IRS Phone Call Scams – What to Watch Out For!
The main thing to look out for in a tax scam is the phone call itself. The Internal Revenue Service (IRS) doesn’t make it their business to call taxpayers and demand money with threats. If this is what you’re getting, you are NOT talking to an authentic IRS representative.
If you owe money to the IRS, they will first inform you by letter. Even then, you must be extremely careful to make sure that the letter itself is authentic. One thing to keep in mind is that criminals turn scamming into an art. This means that they practice making themselves look and sound as authentic as possible. It’s your job to distinguish the real representative from the impersonator and the team at Success Tax Relief can help you do that.
The first thing to know is how the IRS actually operates.
Here is a brief list of the things that the IRS will NOT do:
- The IRS does not contact taxpayers by email.
- The IRS does not contact taxpayers by text messages.
- The IRS does not contact taxpayers by social media.
- The IRS will not use any of the aforementioned ways to request personal or financial information.
- The IRS will not threaten taxpayers with lawsuits or prison.
- The IRS will not ask for credit or debit card numbers by phone.

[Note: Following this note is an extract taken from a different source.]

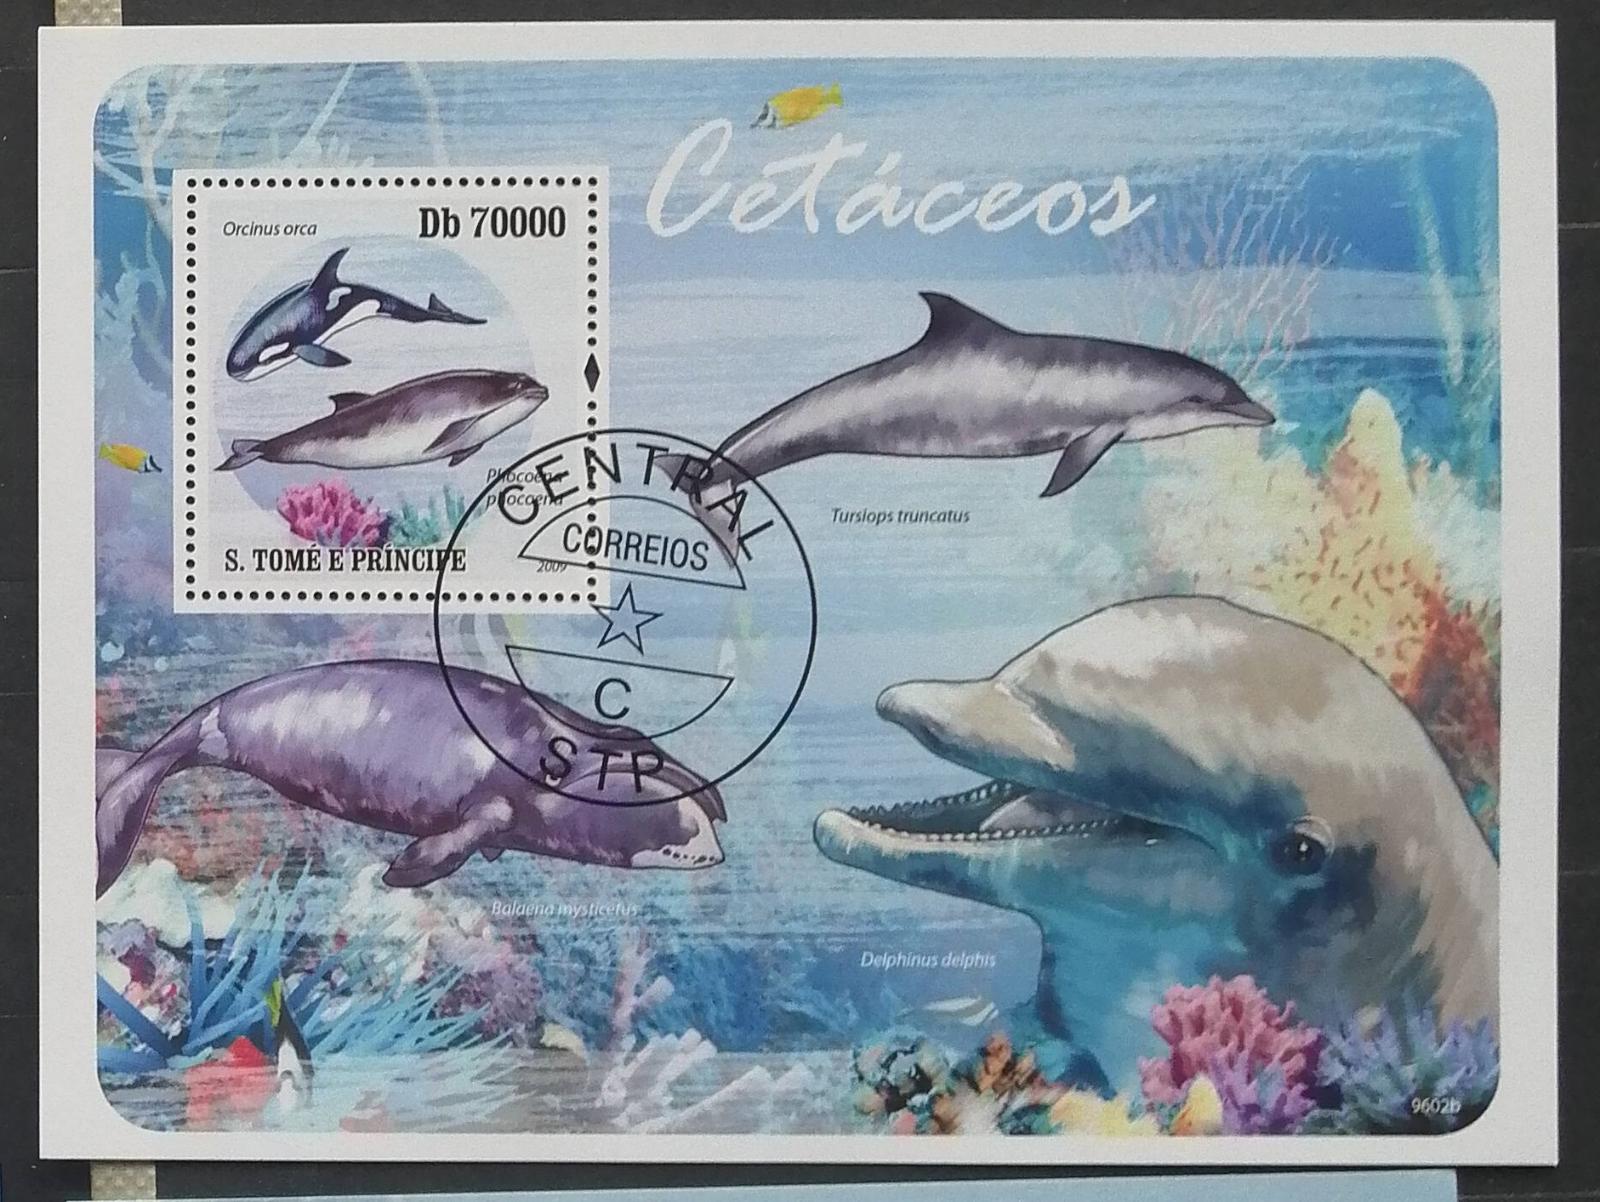 S. Tomé e Príncipe 2009 - CTO aršík, vodné cicavce, delfíny, ryby - Tematické známky
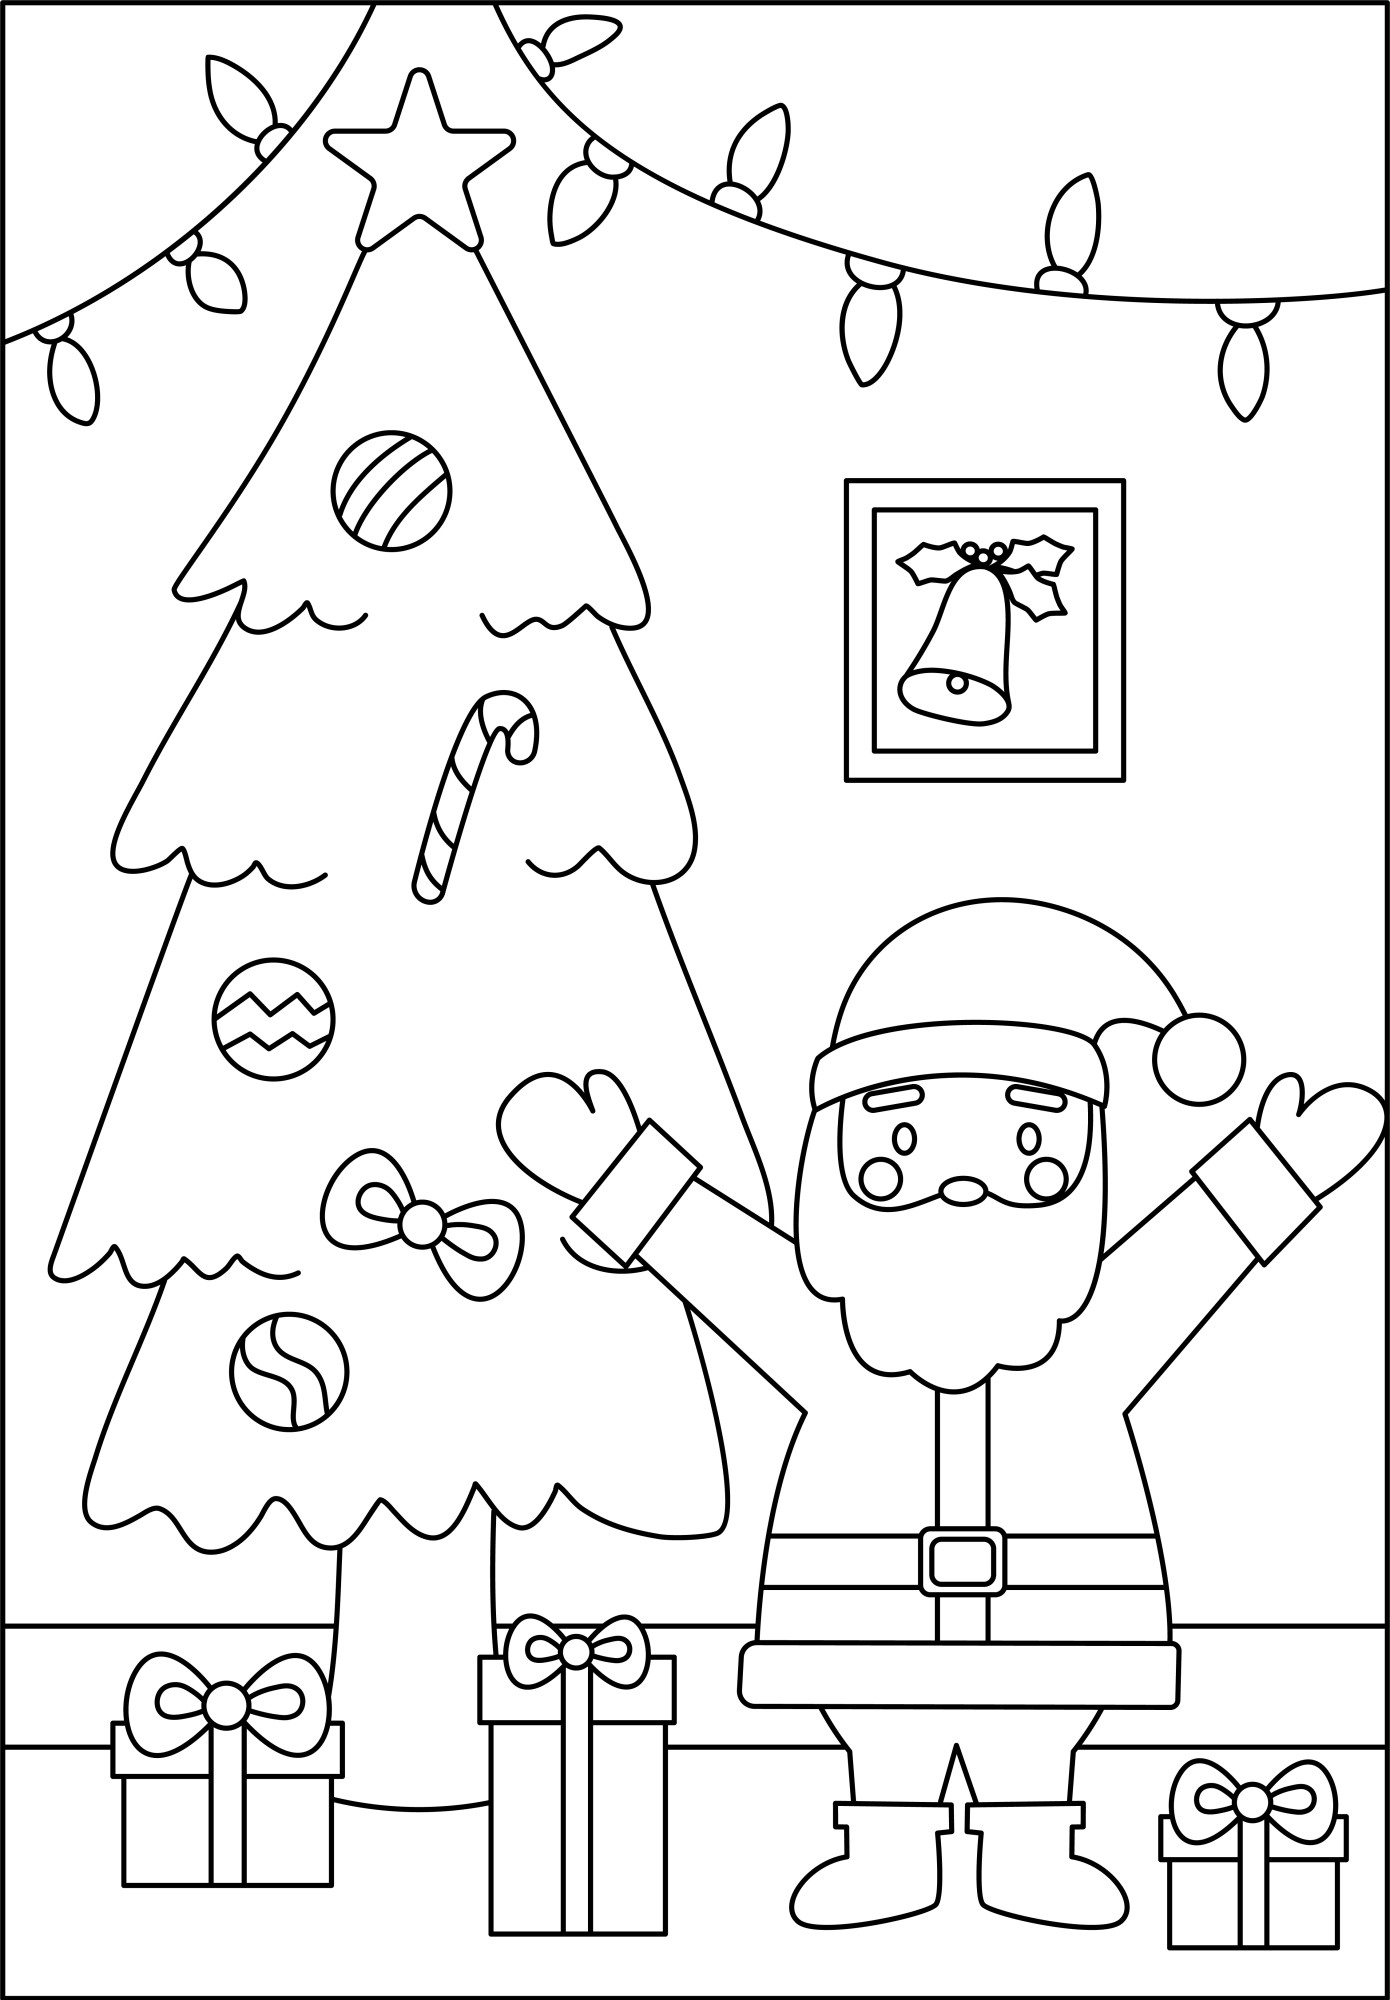 Раскраска для детей: волшебный дед мороз рядом с ёлкой и подарками

- The IRS will not demand money without giving you the opportunity to question the amount owed and/or work out a payment plan.
- The IRS will not threaten to call the police if you don’t pay.
Knowing these facts alone will help you avoid those IRS phone call scams.
Other Ways Scammers Operate
The IRS phone scams are not always about them getting you to send them money. If these criminals can extract any personal information from you, they can open up a line of credit in your name that you have no idea exists—until you check your credit score and by then it’s too late. So usually, how this particular scam would go is that they’ll inform you that there’s a large sum of money coming to you…all you have to do is supply them with your social security number. Don’t do it!
One thing to keep in mind is that the IRS already has your social security number on file. So anytime someone is asking you for that information, ask that representative to read the number that the IRS has on file. If they cannot convey this information to you, then you know that you’re being addressed by a scammer. If you can, get their name and identification number (yes, a good scammer will be fully equipped to portray a legitimate IRS representative), hang up and report that information to the IRS immediately.
Who are the Targets?
Some of the main targets for these types of scams are immigrants. The scammers count on immigrants not being too familiar with how the IRS operates. That is why Success Tax Relief goes the extra mile and educates everyone about how to protect themselves against such criminals.